### EXTRACTED RECORDS

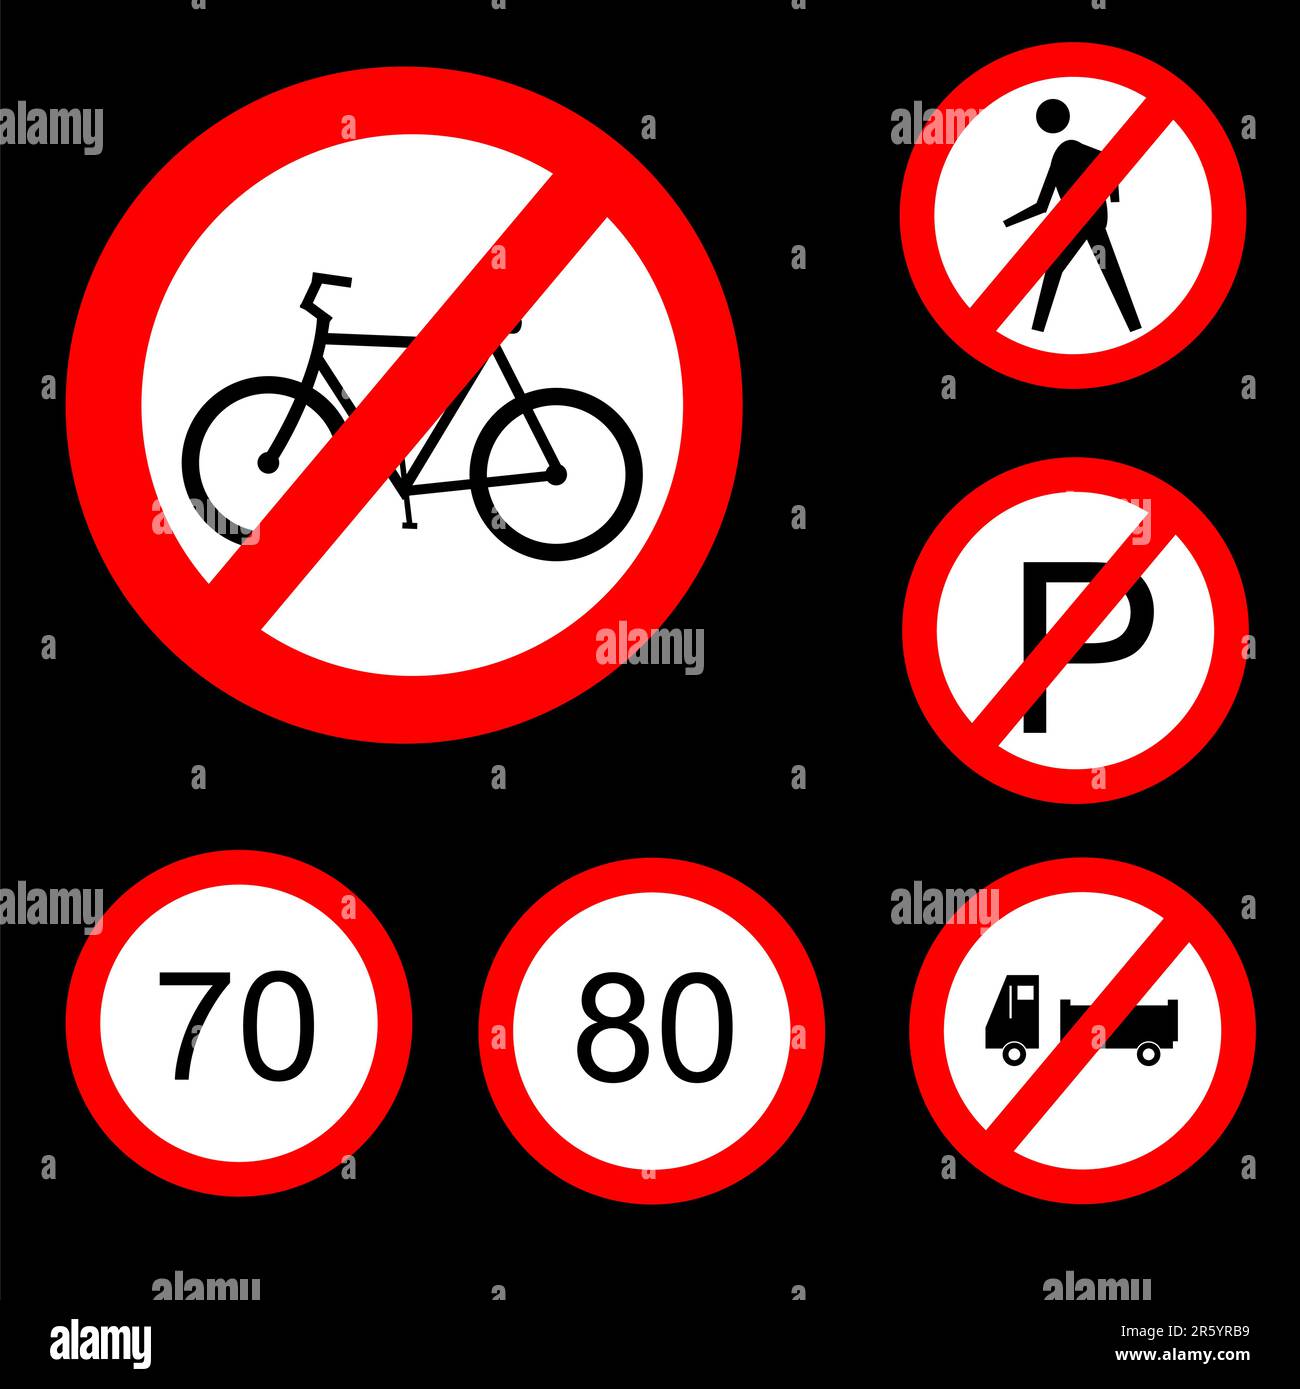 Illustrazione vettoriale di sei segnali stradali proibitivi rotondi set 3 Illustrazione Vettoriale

==

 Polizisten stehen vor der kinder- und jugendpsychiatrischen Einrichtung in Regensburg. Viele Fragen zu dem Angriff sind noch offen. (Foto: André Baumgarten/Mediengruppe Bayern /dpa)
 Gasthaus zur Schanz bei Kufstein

---

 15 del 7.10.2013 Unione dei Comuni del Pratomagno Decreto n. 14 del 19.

### TASK REQUIREMENTS
Everything from the line containing "Polizisten stehen vor" through the line containing "Gasthaus zur Schanz bei Kufstein" in the material above should be retyped exactly, both ends included, and nothing more.

### WORKED SOLUTION
 Polizisten stehen vor der kinder- und jugendpsychiatrischen Einrichtung in Regensburg. Viele Fragen zu dem Angriff sind noch offen. (Foto: André Baumgarten/Mediengruppe Bayern /dpa)
 Gasthaus zur Schanz bei Kufstein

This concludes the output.